Impetus to healthcare sector missing in Budget’

Fresh impetus to the healthcare sector was missing in the Union Budget 2022-23 presented in the Parliament on Tuesday, healthcare sector players and experts said.

D.V.S. Soma Raju, Executive Director, SLG Hospital, feels that while the existing healthcare machinery in India stood up to the challenge posed by Covid-19 pandemic and did its best to keep a possible disaster under check, this sector needed a fresh impetus to enhance and strengthen the healthcare net across the country.

“The Finance Minister, in her Union Budget speech, announced levy of ‘Health & Education cess’ for the year 2022-23 but did not specify where this additional money would be utilised.
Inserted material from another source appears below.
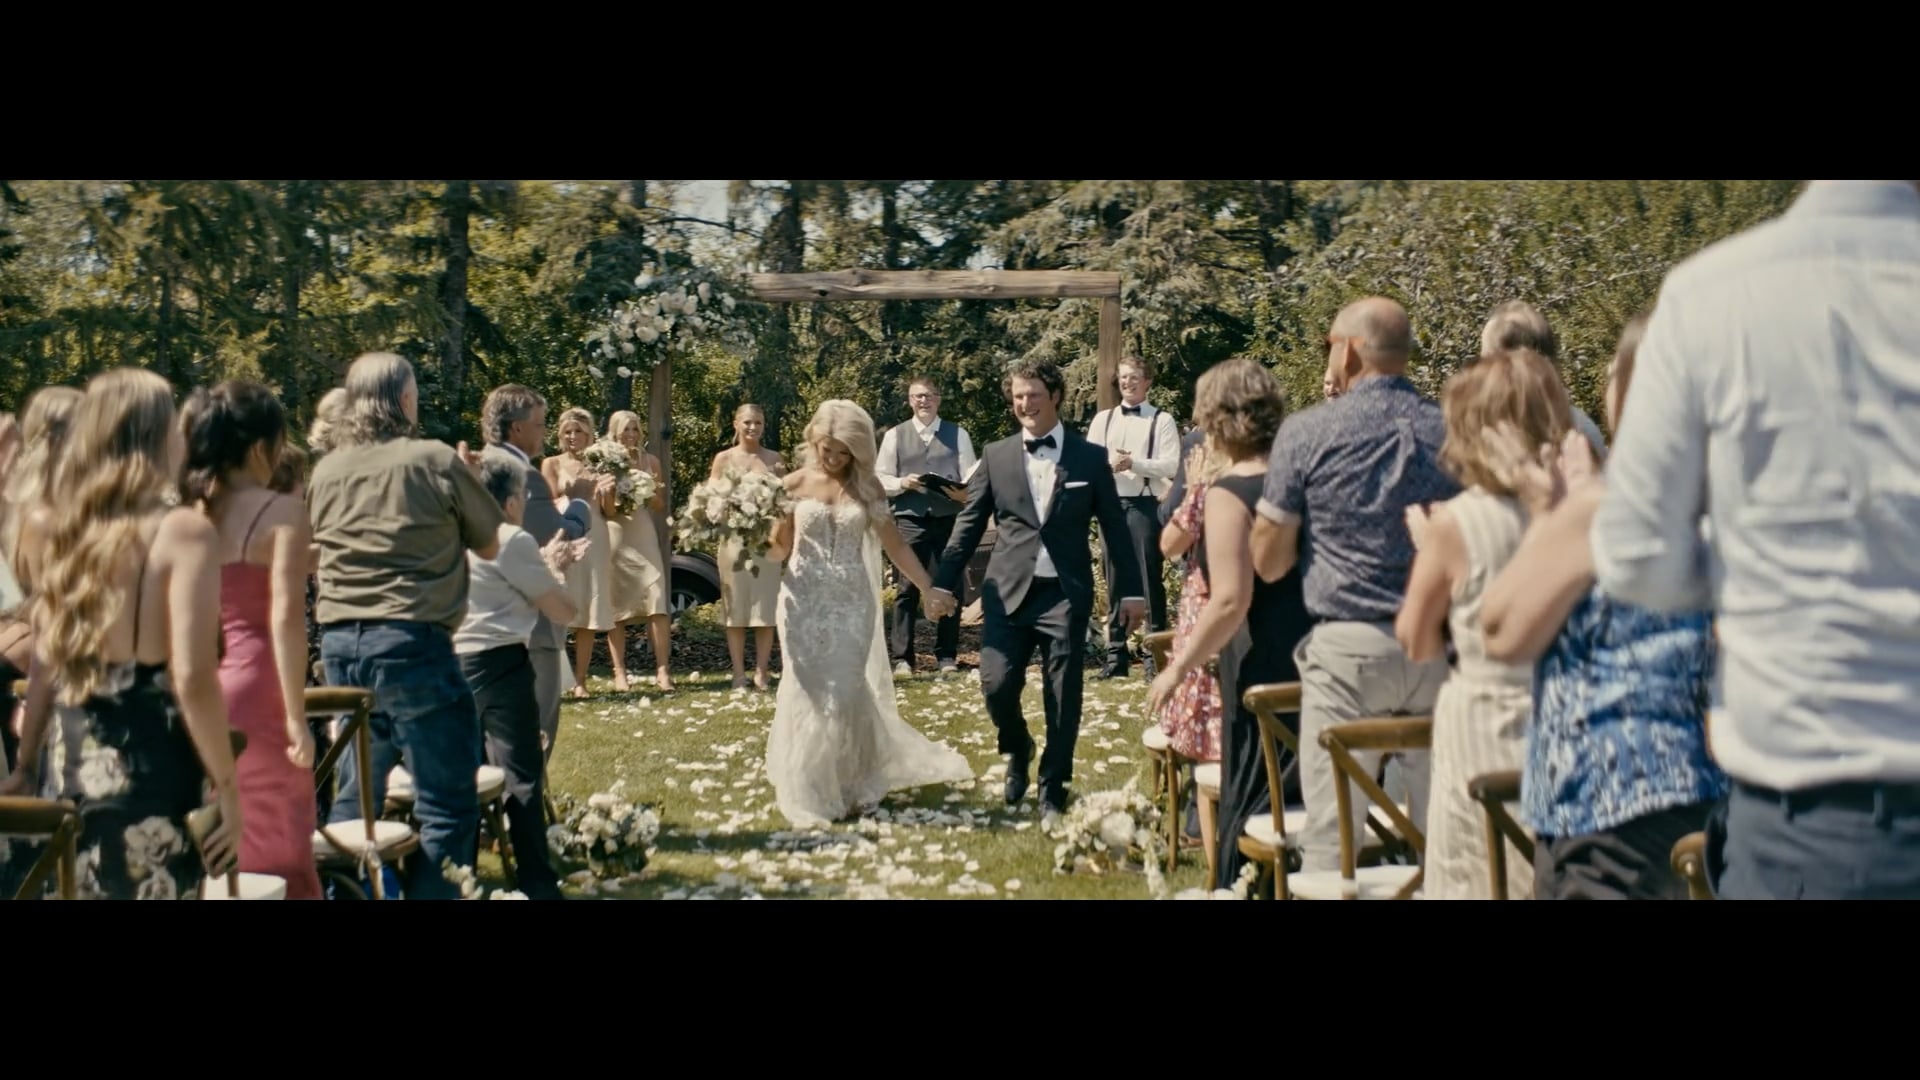 The Johnson Wedding | Highlight Film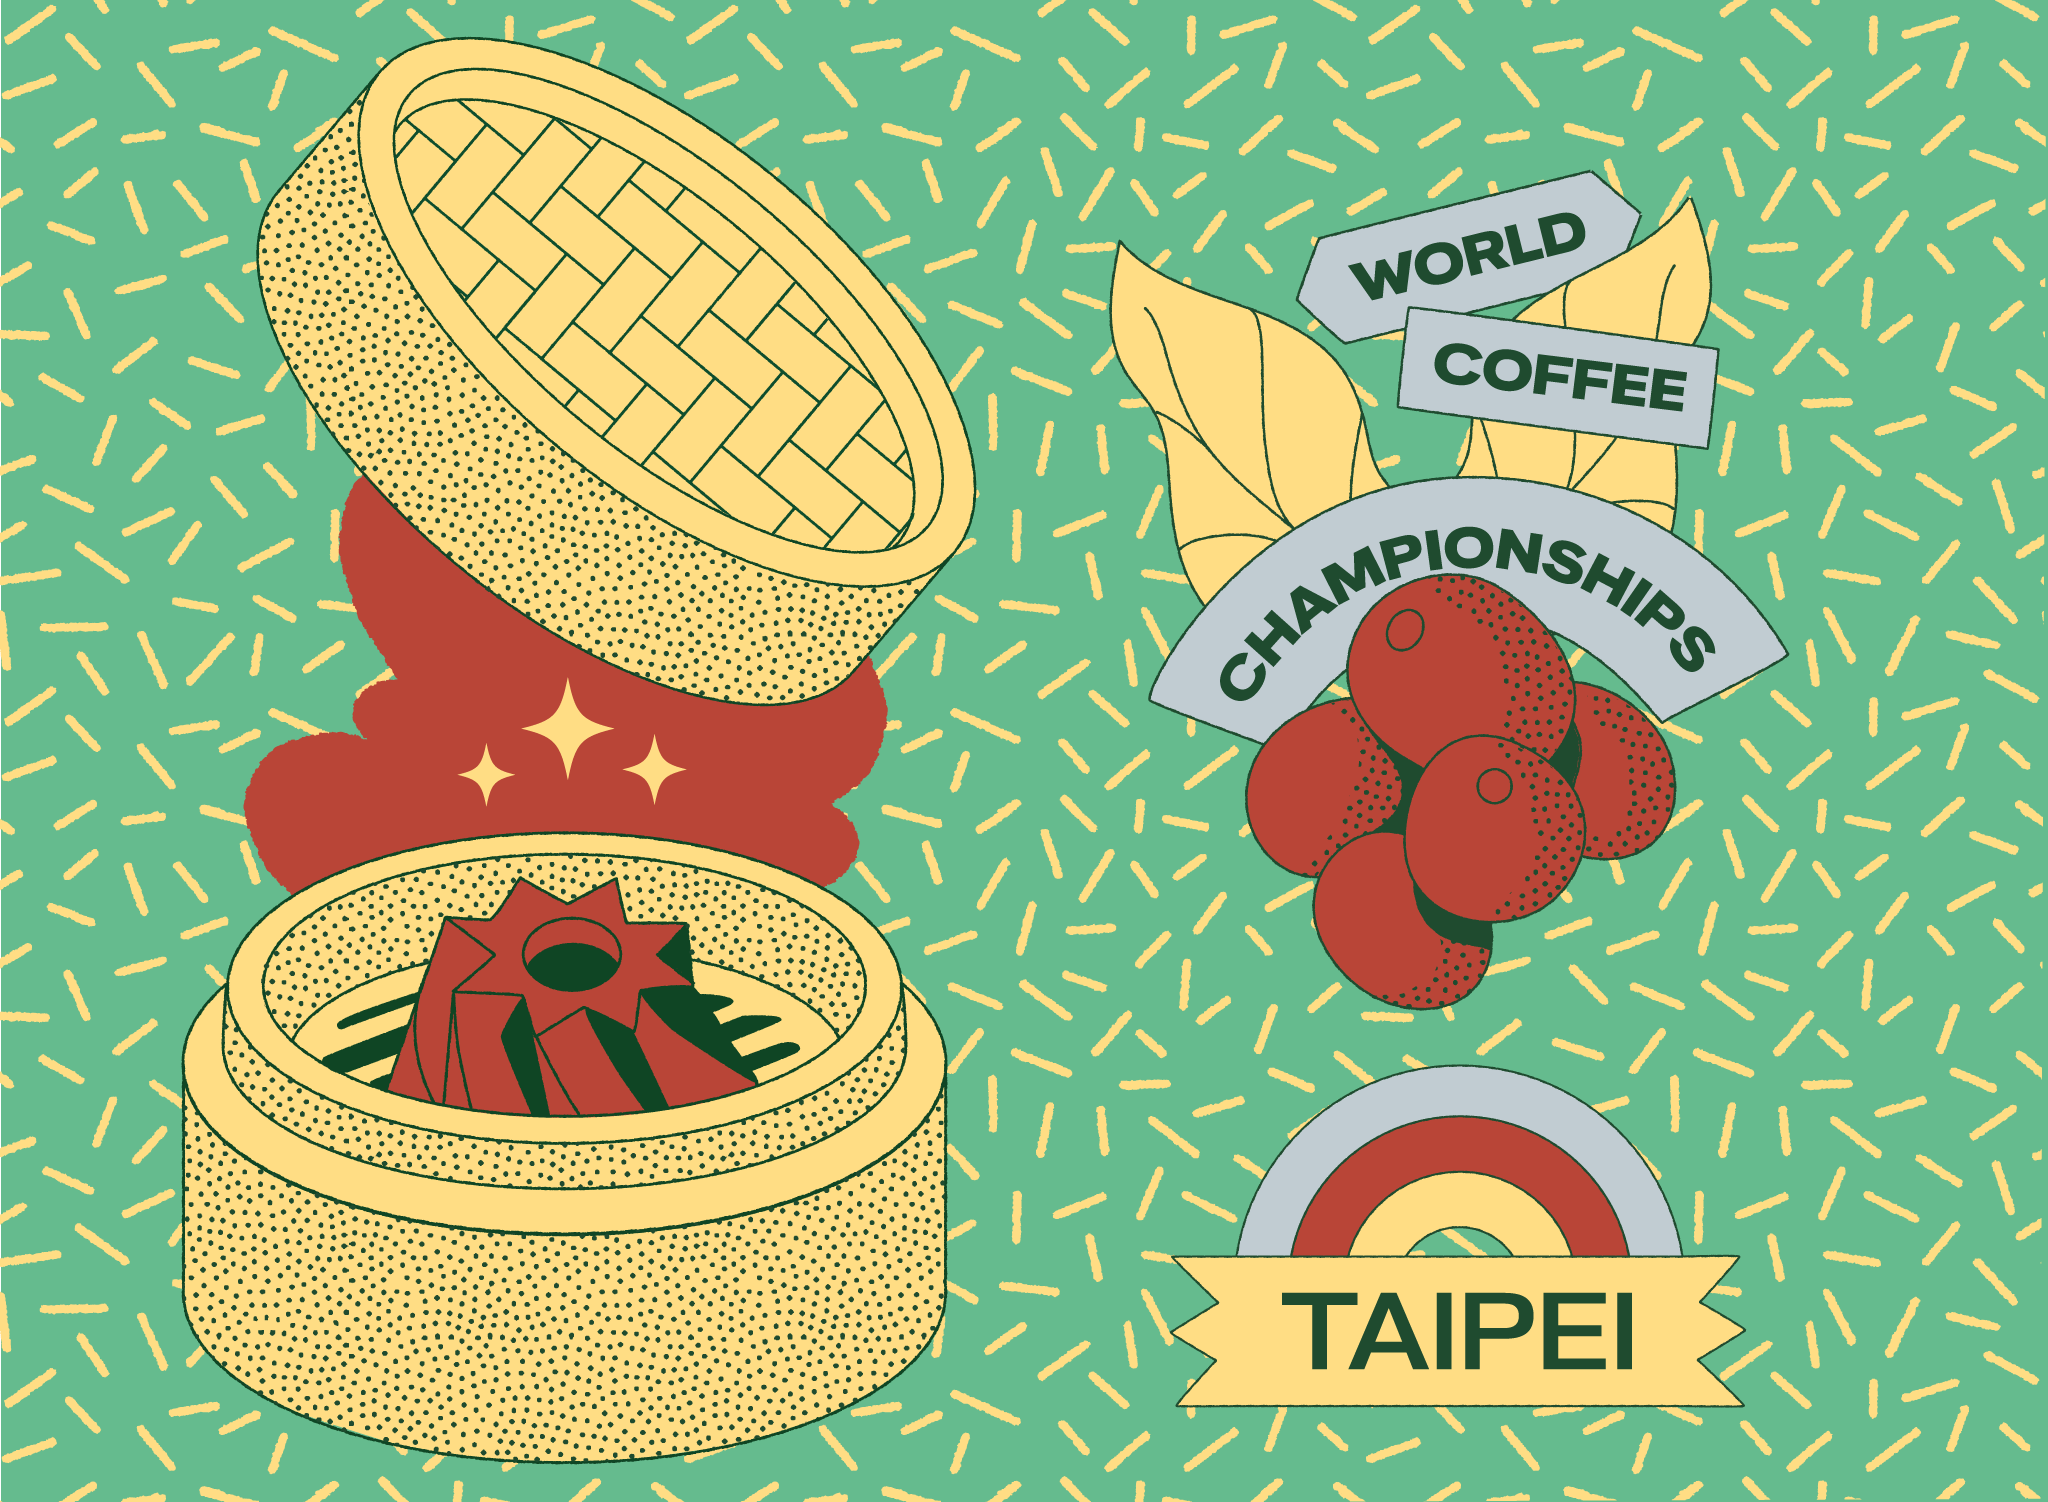 Taipei World Coffee Championships

I strongly feel the government must directly invest or encourage more private investments in the healthcare sector to ensure semi-urban and rural locations receive quality healthcare facilities,” he said.

He was also of the view that the government must encourage digital health avenues to spread operations across the length and breadth of the country.

Dr Krishna Reddy Nallamalla President, InOrder and South Asia Regional Director, ACCESS Health International, said: “A 10 per cent increase in allocation to health is not in line with the health policy aspiration of public spending of 2.5 per cent of GDP. Increased allocation to other social sectors that have a bearing on health status of people is a saving grace.”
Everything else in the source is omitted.